Objective: To determine the accuracy of a morphometric model, which combines measurements of the oral cavity with body mass index and neck circumference, in predicting whether a patient has OSAS.

Design: 6-month prospective study.

Setting: University-based tertiary referral sleep clinic and research center.

Participants: 300 consecutive patients evaluated for sleep disorders for the first time.

Measurements: Body mass index, neck circumference, and oral cavity measurements were obtained, and a model value was calculated for each patient. Polysomnography was used to determine the number of abnormal respiratory events that occurred during sleep.
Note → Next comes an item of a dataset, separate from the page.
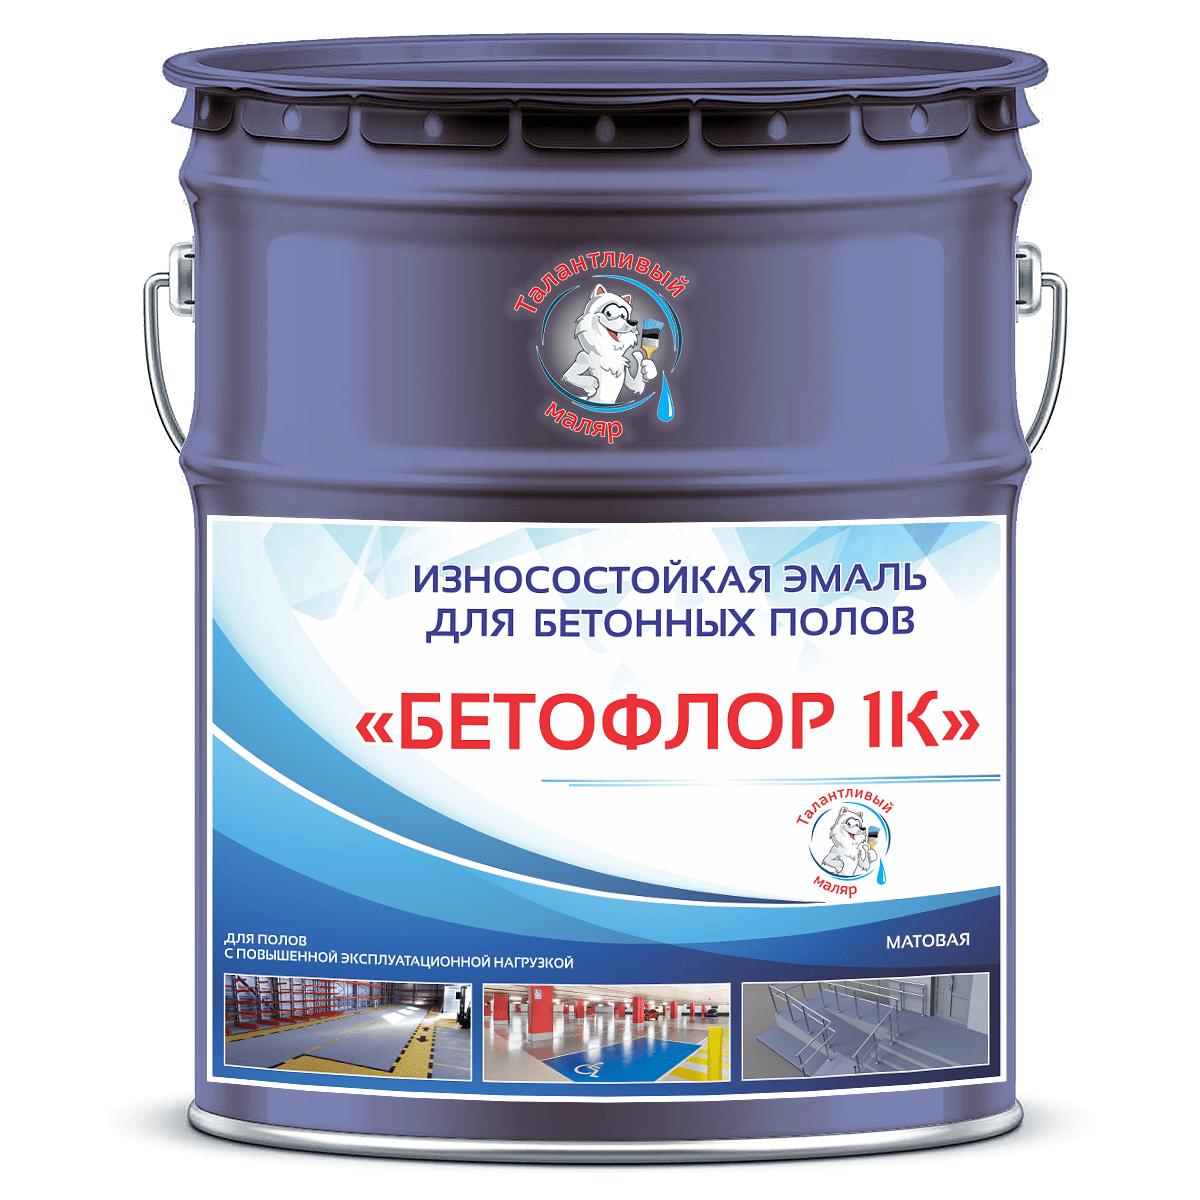 """Фото 13 - BF5000 Эмаль для бетонных полов """"Бетофлор"""" 1К цвет RAL 5000 Фиолетово-синий, матовая износостойкая, 25 кг """"Талантливый Маляр""""."""

Sleep apnea was defined as more than five episodes of apnea or hypopnea per hour of sleep.

Results: The morphometric model had a sensitivity of 97.6% (95% CI, 95% to 98.9%), a specificity of 100% (CI, 92% to 100%), a positive predictive value of 100% (CI, 98.5% to 100%), and a negative predictive value of 88.5% (CI, 77% to 96%). No significant discrepancies were revealed in tests of intermeasurer and test-retest reliability.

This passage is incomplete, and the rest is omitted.